技術レポート
05/2021
3Dプリンティング用フッ素樹脂PFAの開発(粉末床溶融結合法)
小森洋和
松尾岳之
寺田純平
ダイキン工業株式会社
化学事業部
マーケティング部
1. はじめに
3Dプリンタは、試作品用途や治工具などの作製を中心に活用されてきたが、近年、装置性能の向上や材料の高機能化が進み、さらに一体成形によるコスト削減や軽量化などが認められ、航空機・自動車・医療分野を中心に最終製品への展開が進んでいる1)。
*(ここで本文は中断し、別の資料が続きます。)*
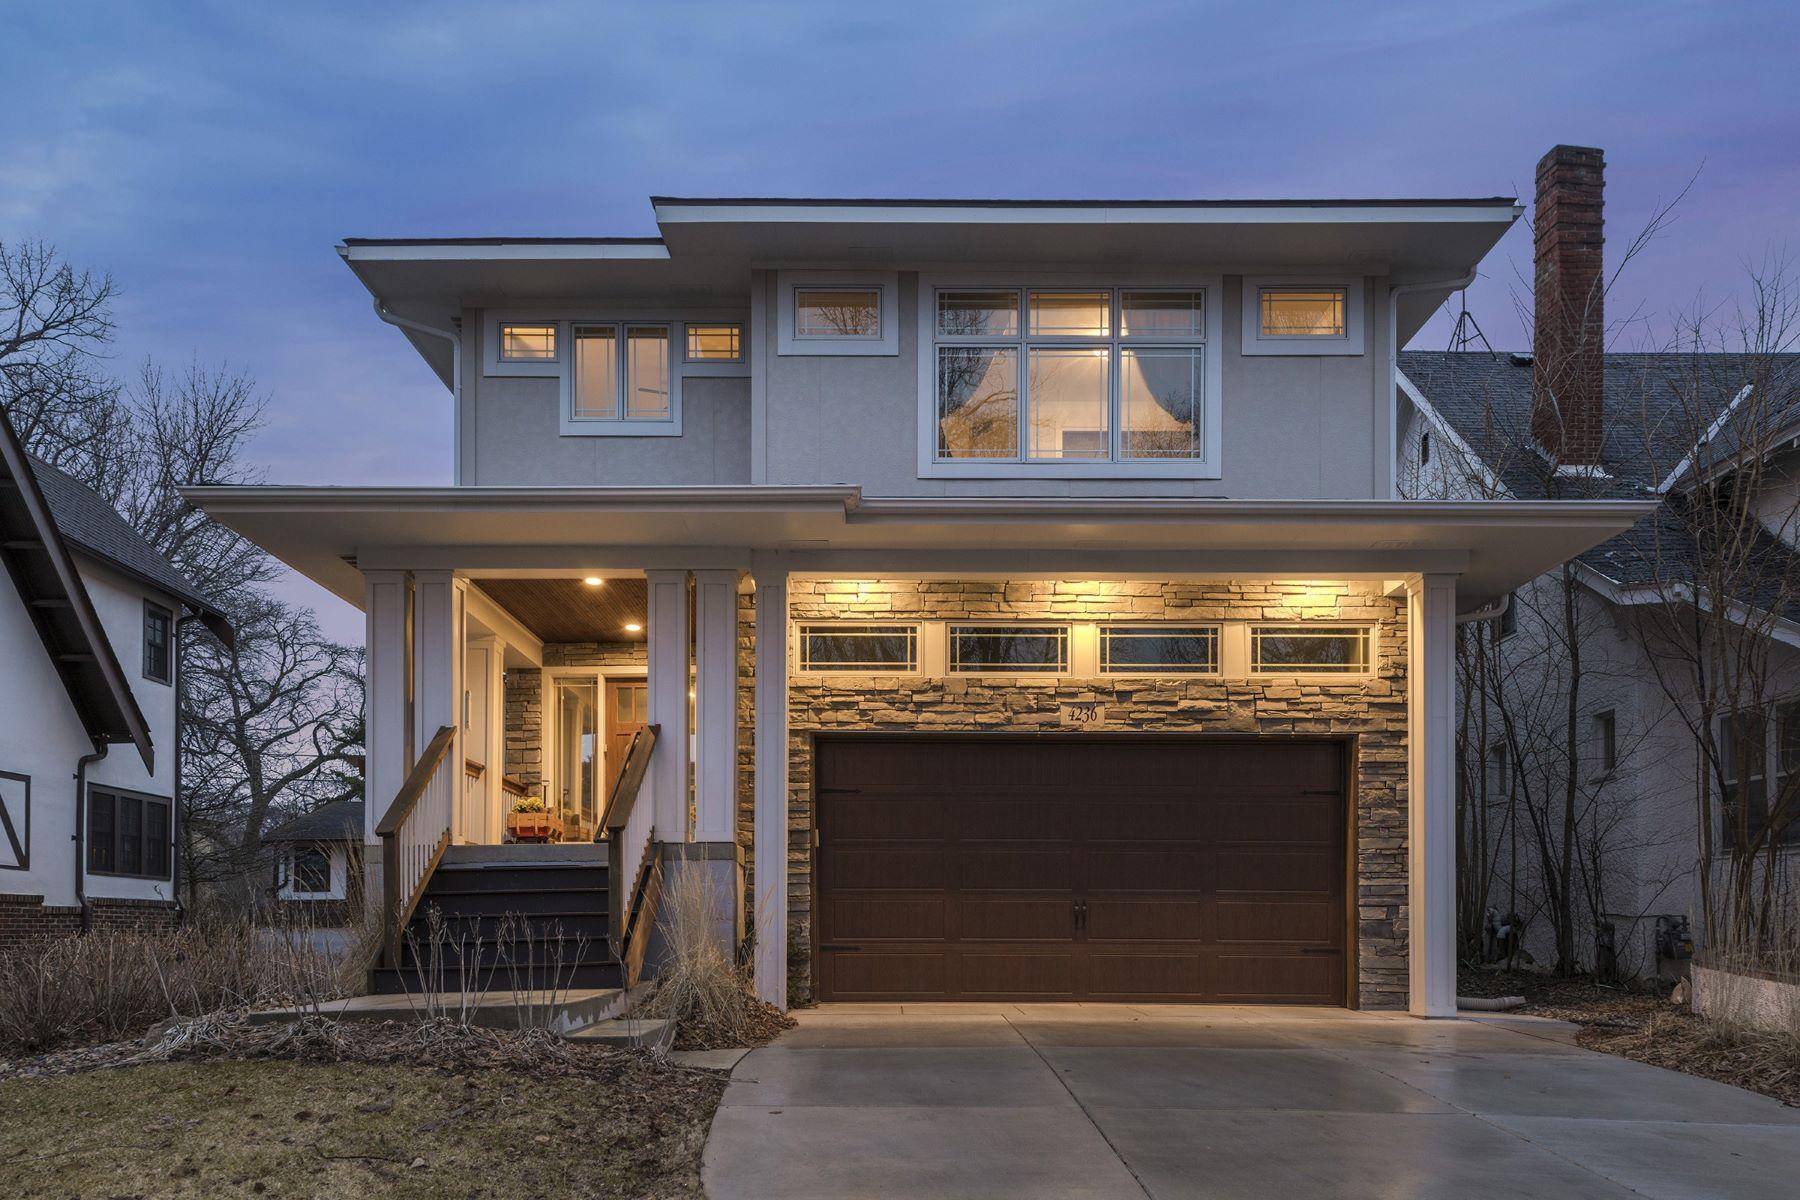 独户住宅 为 销售 在 4236 Colfax Avenue S East Harriet, 明尼阿波利斯市, 明尼苏达州, 55409 美国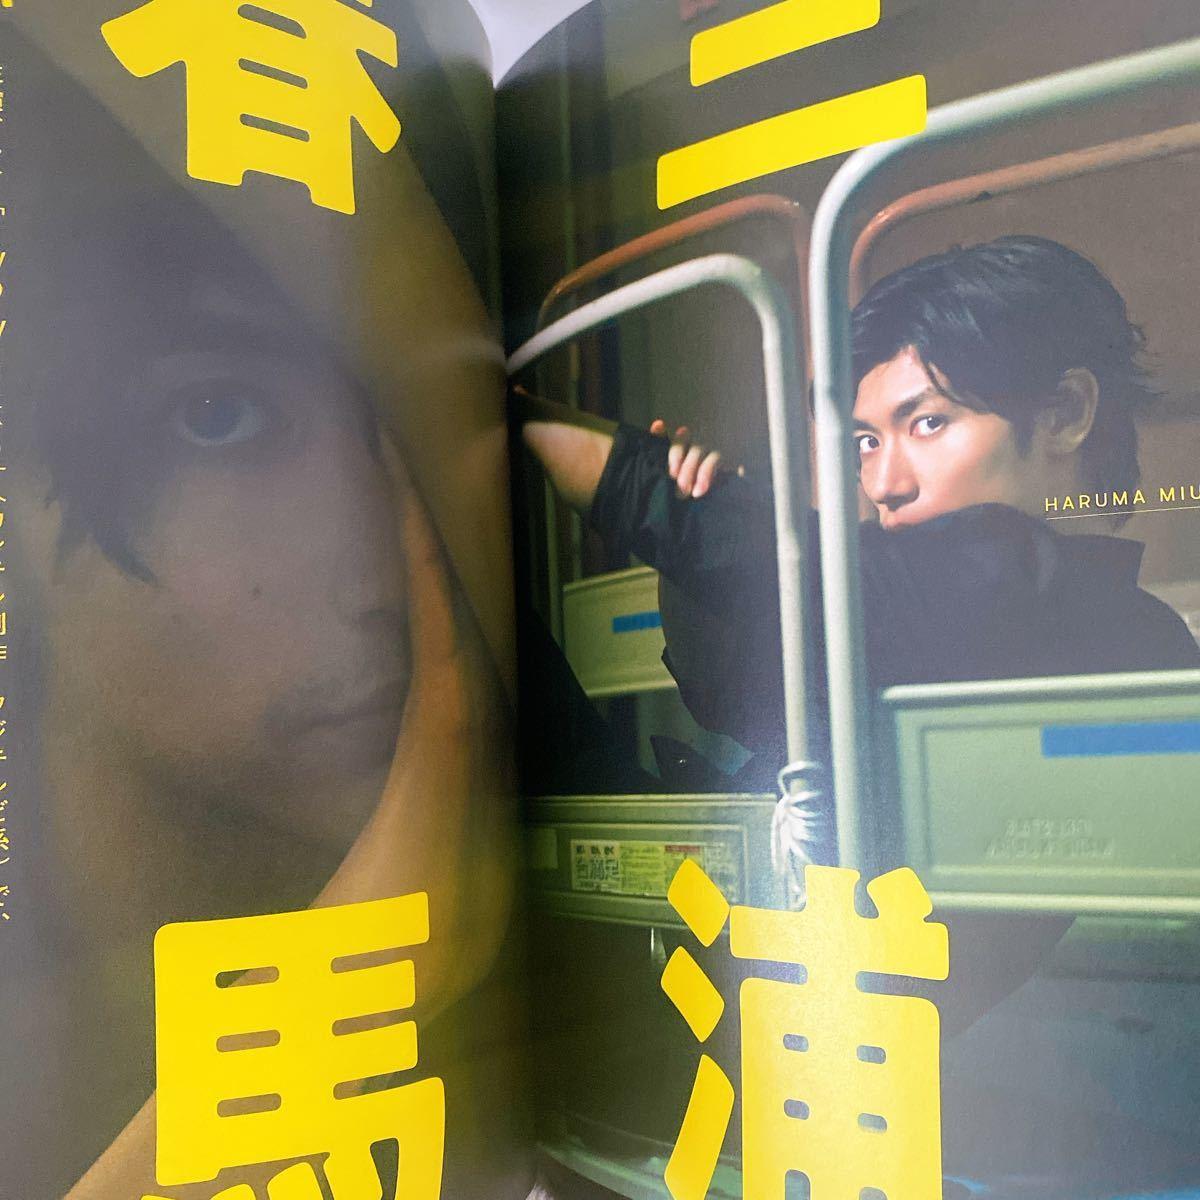 TVガイドperson vol.84 NEWS 増田貴久 1冊抜け無し 三浦春馬 テレビガイドパーソン

ダイキン工業は、空調事業とともにフッ素化学事業も行っており、様々なフッ素化学品を開発し、製造・販売している。上述のように、3Dプリンタ向け材料の高機能化が進んでいることから、スーパーエンジニアリングプラスチックの一つであるフッ素樹脂を原料にして、粉末床溶融結合(Powder Bed Fusion)法向けに粉体の開発を行っている。本稿では、本手法に適したフッ素樹脂「PFA」粉体およびその造形物の物性に関して紹介する。
2. フッ素樹脂 PFAについて
2-1. フッ素樹脂
フッ素樹脂は、C-F結合の結合エネルギーが極めて大きいこと、また分極率が小さいことに起因して、耐熱性、耐薬品性、難燃性、耐候性、非粘着性、撥水撥油性など多様な特性を高いレベルで有する材料である2)。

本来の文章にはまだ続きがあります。